If you’re one of the people who look down there, and we flash up a face so that it lands right there on your retina, you’re much worse at recognizing it. And what that means is that this fundamental problem that you’ll hear about in the course, that Tommy has worked at in many people, it’s one of the central problems in vision research of how we deal with the many different ways an object– the many different kinds of images an object can make on our retina by where it lands on the retina, how close it is to you, the orientation, the lighting, all these things that create this central problem in the vision of the variable ways an object can look.

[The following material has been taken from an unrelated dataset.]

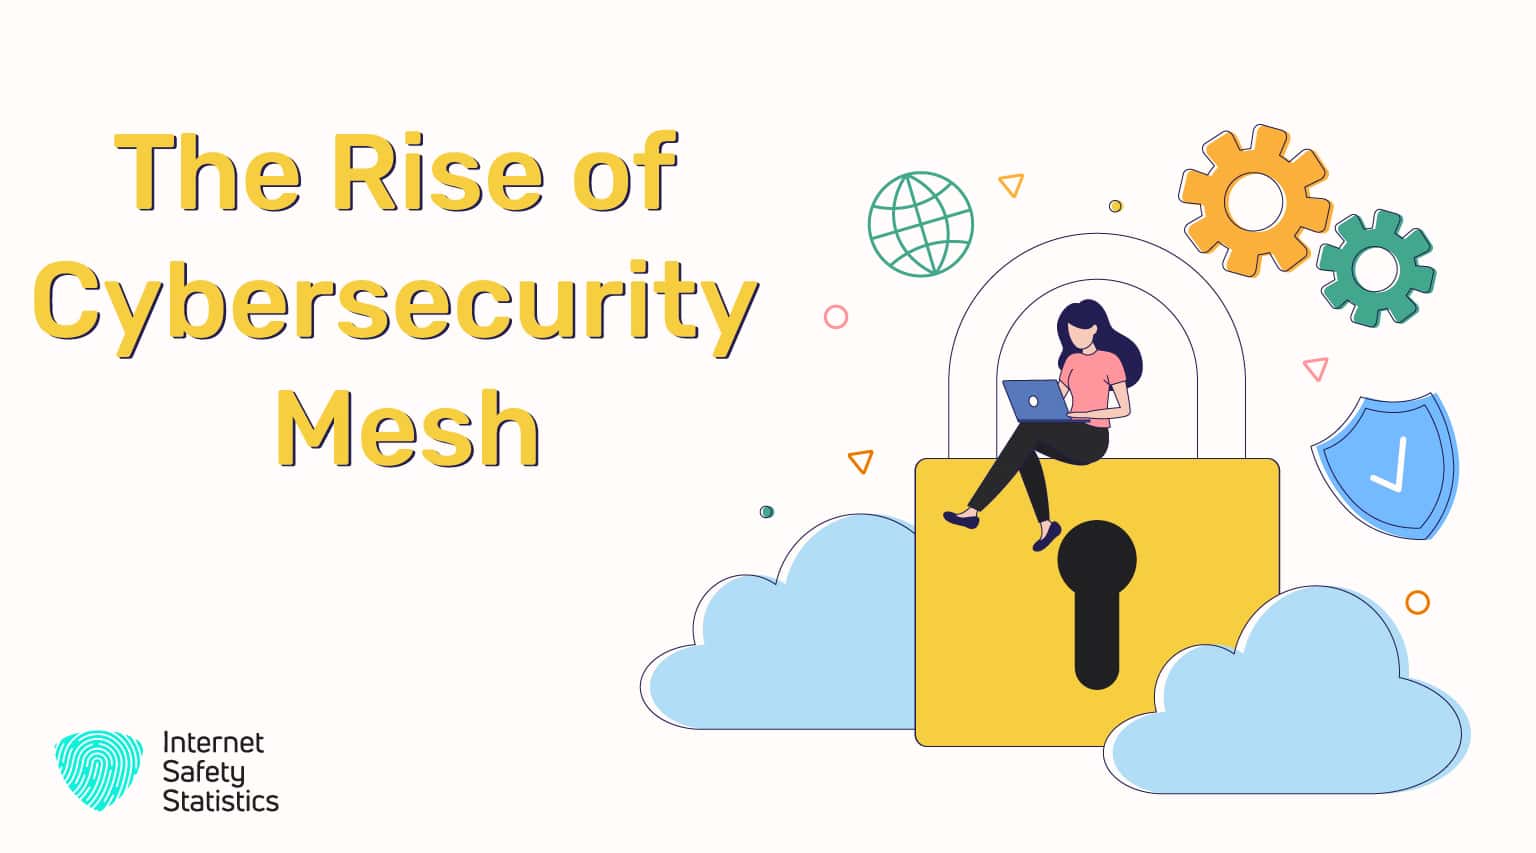 The Rise of Cybersecurity Mesh

A big part of how we solve that for face recognition is we just move our eyes to the same place. Position and variance problem solved, mostly. OK, it’s kind of a low-tech solution.

It’s a good one. OK, anyway, so Matt has been working on that for a while, and so now, most of that is lab studies. Now what he’s done is he’s using mobile eye trackers, which look like this, and a GoPro attached to his head, because the mobile eye trackers don’t have very good image resolution. And so he’s sending people around in the world, and he’s finding that, first of all, yes, in fact, when you’re walking around in the world– not just when you’re on a bike bar in a lab, you know, with a tracker and a screen– the people who look up here also look up there in the world, right? So that’s just a reality check that shows that our technology is working.

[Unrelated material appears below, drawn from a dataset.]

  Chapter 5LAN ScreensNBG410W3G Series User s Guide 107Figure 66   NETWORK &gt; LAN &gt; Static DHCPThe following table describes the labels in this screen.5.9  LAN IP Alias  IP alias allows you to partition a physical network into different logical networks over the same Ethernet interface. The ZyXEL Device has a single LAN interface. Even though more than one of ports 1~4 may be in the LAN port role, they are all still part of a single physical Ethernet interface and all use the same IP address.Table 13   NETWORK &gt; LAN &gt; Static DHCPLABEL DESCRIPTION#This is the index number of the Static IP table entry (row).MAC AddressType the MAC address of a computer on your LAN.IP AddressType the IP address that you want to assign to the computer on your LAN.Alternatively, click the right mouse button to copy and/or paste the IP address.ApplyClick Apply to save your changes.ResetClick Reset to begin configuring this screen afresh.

And now Matt is using this to ask all kinds of questions. For example, social interactions, where do people look in social interactions? Can you tell stuff about what they think about each other based on where they look on their faces, right? We want to run– this is fruity. We haven’t set it up yet, but we want to run speed dating experiments in the lab with people wearing eye trackers.

I bet in the first few fixation positions, you can tell who’s going to want to recontact who. I don’t know. We haven’t done that yet. OK, that’s a little trashy, but it’s kind of interesting. Some interesting scientific questions are a little bit trashy, you know.

Some trashy questions are not scientifically interesting. I think that’s one of those rare that’s actually both. Anyway. We also want to characterize– a whole other part of this is this question that people have been considering for a few decades now of natural image statistics, right? So people have done all this stuff, collecting images, and at first, they did it really low-tech, and then the web appeared.

And it’s like, oh, now there’s a lot of images out there, and we can just collect them easily. And let’s characterize them. What are natural images like? So it’s a whole set of math where people have looked at those natural images, characterized them, and tried to ask how the statistical properties of natural images have– how we have adjusted our visual systems to deal with the images that we confront. And that’s a cool and important area of research.

But in all of that work, nobody’s actually used real natural images, right? The images on the web, somebody stuck a camera and put it there, and then they threw away most of the pictures they took. The ones that land on the web are the ones that have good resolution, where people weren’t moving in and out of frame, and things weren’t occluded. They’re not at all like the actual images that land on your retina. So we’re collecting the actual images that land on your retina.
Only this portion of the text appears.